Let every American, every lover of liberty, every well wisher to his posterity, swear by the blood of the Revolution, never to violate in the least particular, the laws of the country; and never to tolerate their violation by others.

As the patriots of seventy-six did to the support of the Declaration of Independence, so to the support of the Constitution and Laws, let every American pledge his life, his property, and his sacred honor; let every man remember that to violate the law, is to trample on the blood of his father, and to tear the charter of his own, and his children's liberty.

Let reverence for the laws, be breathed by every American mother, to the lisping babe, that prattles on her lap; let it be taught in schools, in seminaries, and in colleges; let it be written in Primers, spelling books, and in Almanacs; let it be preached from the pulpit, proclaimed in legislative halls, and enforced in courts of justice. And, in short, let it become the political religion of the nation; and Let the old and the young, the rich and the poor, the grave and the gay, of all sexes and tongues, and colors and conditions, sacrifice unceasingly upon its altars.
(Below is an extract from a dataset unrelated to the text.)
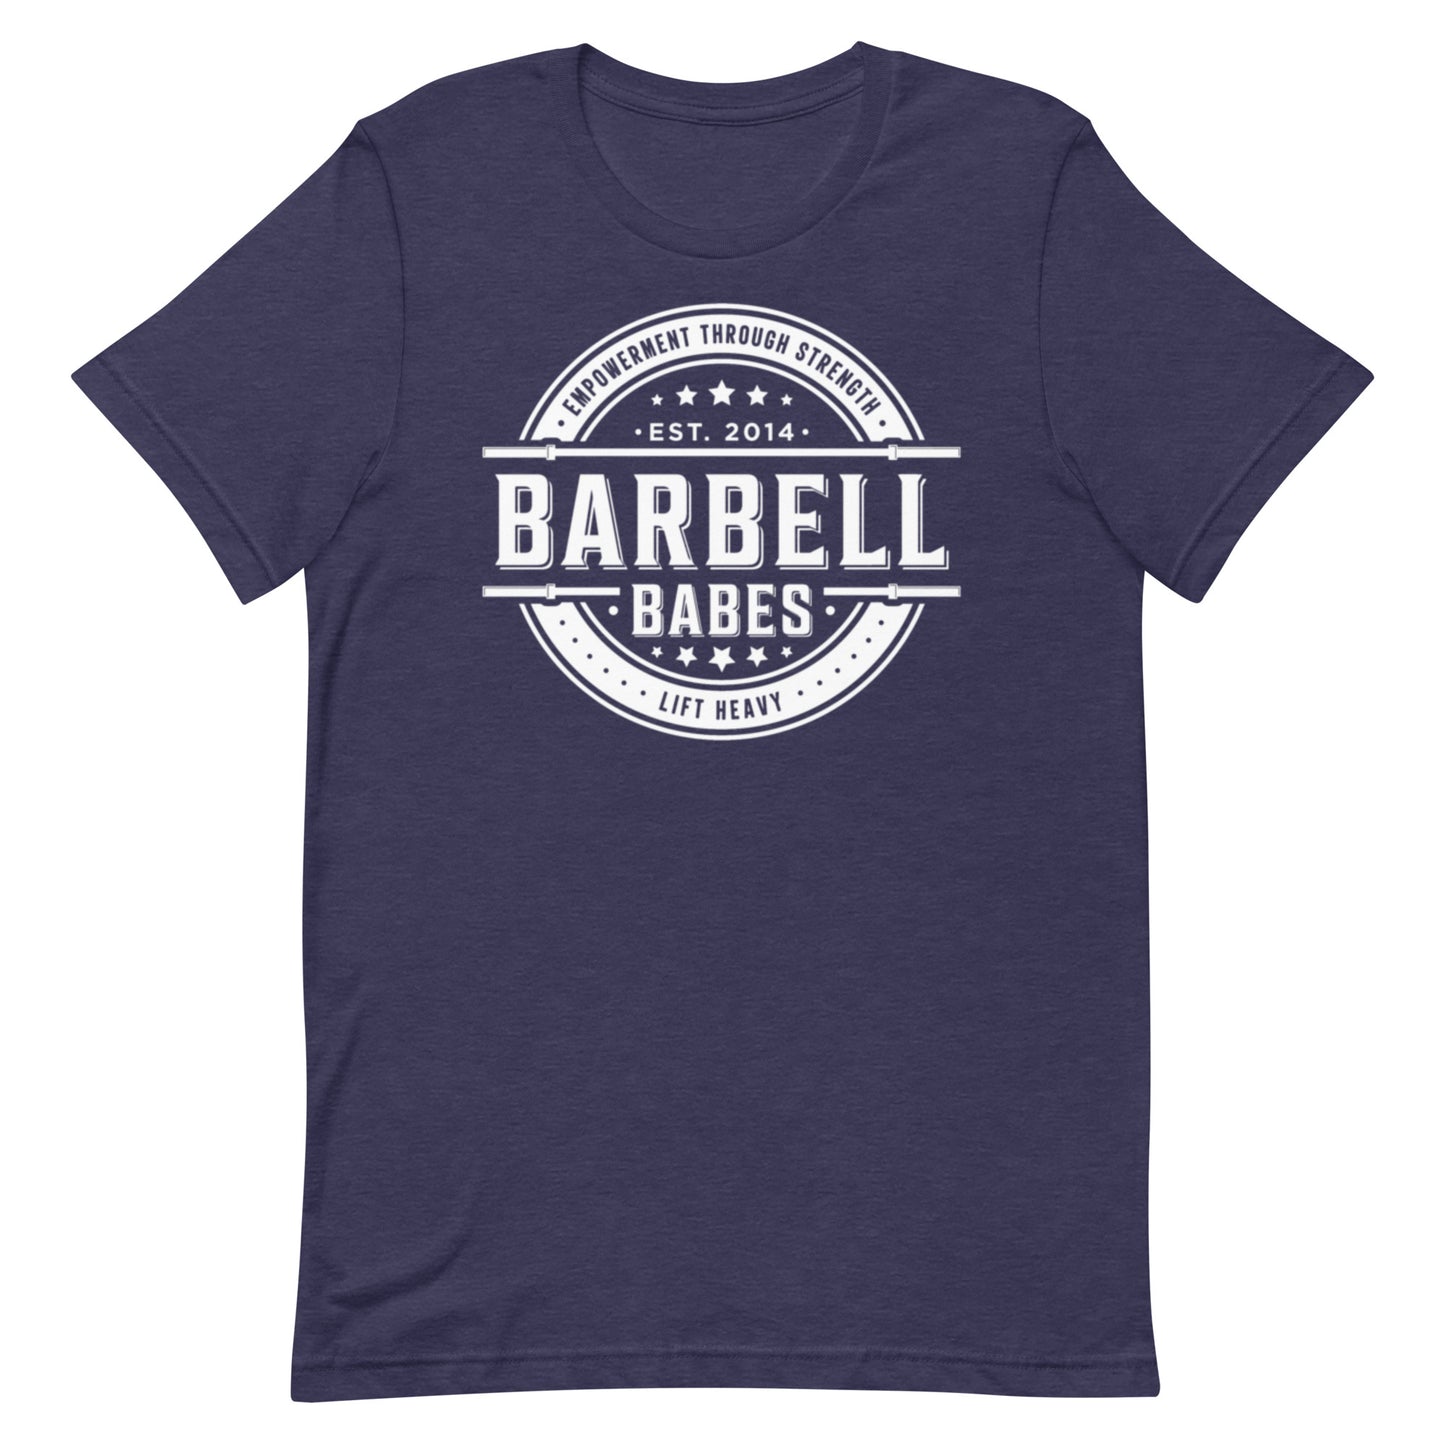 Barbell OG Classic Tee

While ever a state of feeling, such as this, shall universally, or even, very generally prevail throughout the nation, vain will be every effort, and fruitless every attempt, to subvert our national freedom.


- Abraham Lincoln, January 27, 1838
  Address Before the Young Men's Lyceum of Springfield, Illinois

Tuesday, February 03, 2009

Looking back at Lincoln: On February 3, 1862



One of the great frustrations of Lincoln's first term in office (and undoubtedly of the war) was his inability to push, coerce, goad or force General 'Little Mac' McClellan into engaging the Confederate army.
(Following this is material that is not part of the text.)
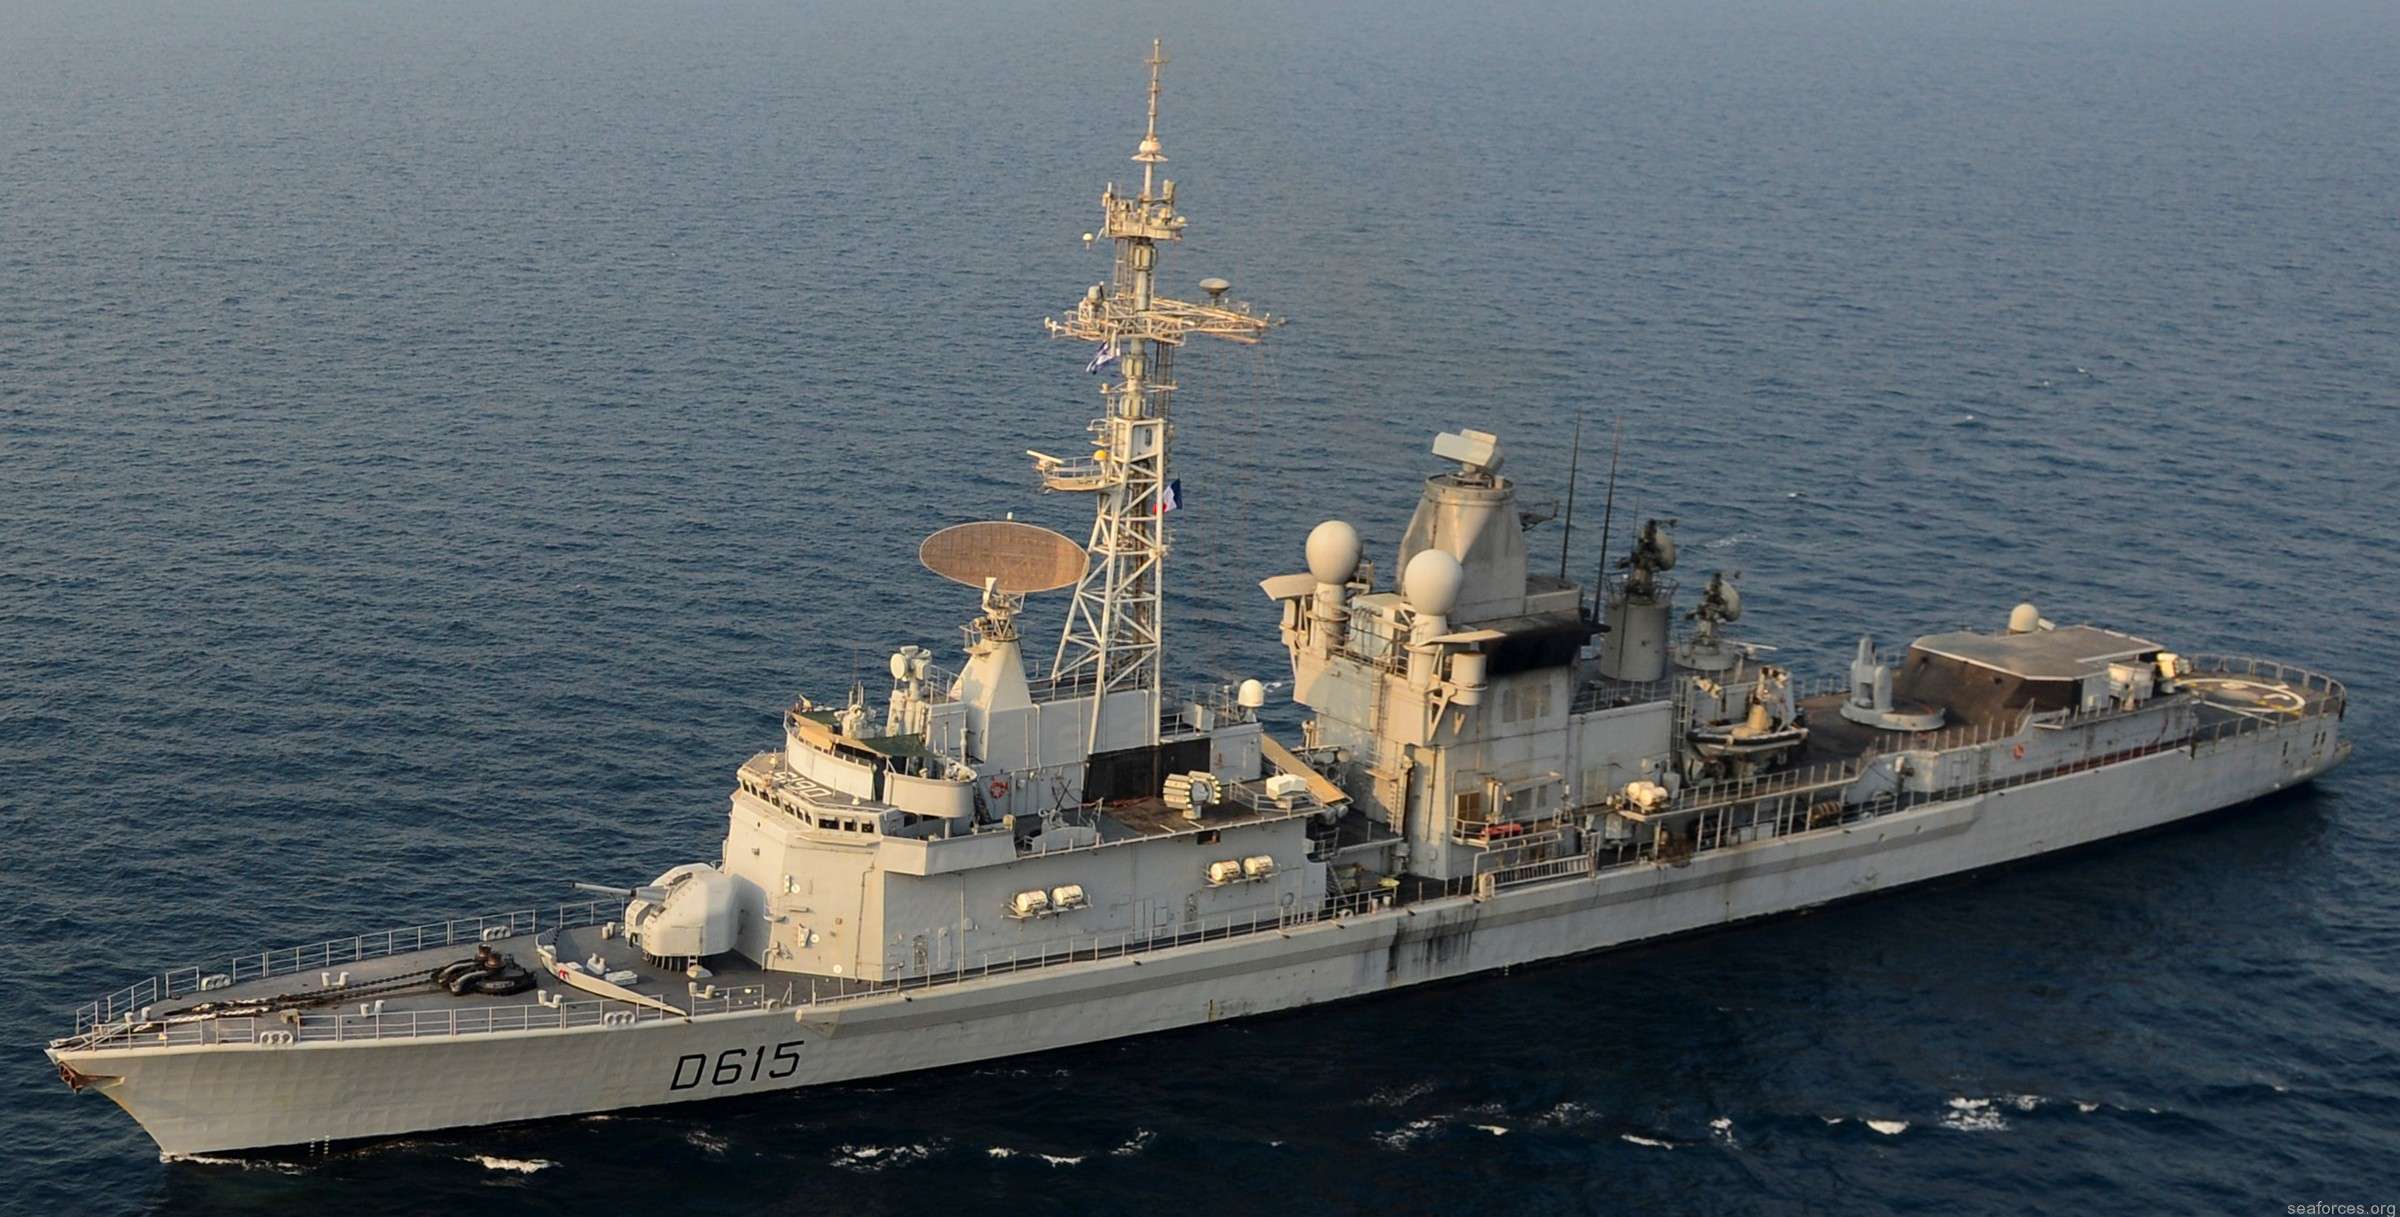 Ξεκίνησε η επιχείρηση Ειρήνη ανοιχτά της Λιβύης- Συμμετοχή της Ελλάδας με ένα πλοίο αλλά κουβέντα για την Κρήτη

Little Mac was by all accounts an excellent organizer when it came to training and drilling green troops. He enjoyed pageantry, parades, drilling and military maneuvers. But he was reluctant to engage the South in battle. He continually overestimated the strength of enemy forces, failed to seize tactical opportunities when they were presented, and missed several opportunities to win decisive victories that were well within his grasp.

Once, in growing frustration, Lincoln wryly noted that "If General McClellan isn't going to use his army, I'd like to borrow it for a time."

On one occasion, McClellan kept Lincoln waiting at his house for 30 minutes. When McClellan finally arrived, he walked past Lincoln without speaking, climbed the stairs and proceeded directly to bed.

Many people were outraged by this snub, but Lincoln continued trying to reason with his insubordinate general (who was very popular with the soldiers) in the hope that the Union would eventually see results. Lincoln later commented that he would gladly "hold McClellan's horse if he will only bring us success."

Executive Mansion,
Major General McClellan Washington, Feb. 3, 1862.


My dear Sir: You and I have distinct, and different plans for a movement of the Army of the Potomac---yours to be down the Chesapeake, up the Rappahannock to Urbana, and across land to the terminus of the Railroad on the York River---, mine to move directly to a point on the Railroad South West of Manassas.

If you will give me satisfactory answers to the following questions, I shall gladly yield my plan to yours.

1st. Does not your plan involve a greatly larger expenditure of time, and money than mine?

2nd. Wherein is a victory more certain by your plan than mine?

3rd. Wherein is a victory more valuable by your plan than mine?

4th. In fact, would it not be less valuable, in this, that it would break no great line of the enemie's communications, while mine would?

5th. In case of disaster, would not a safe retreat be more difficult by your plan than by mine?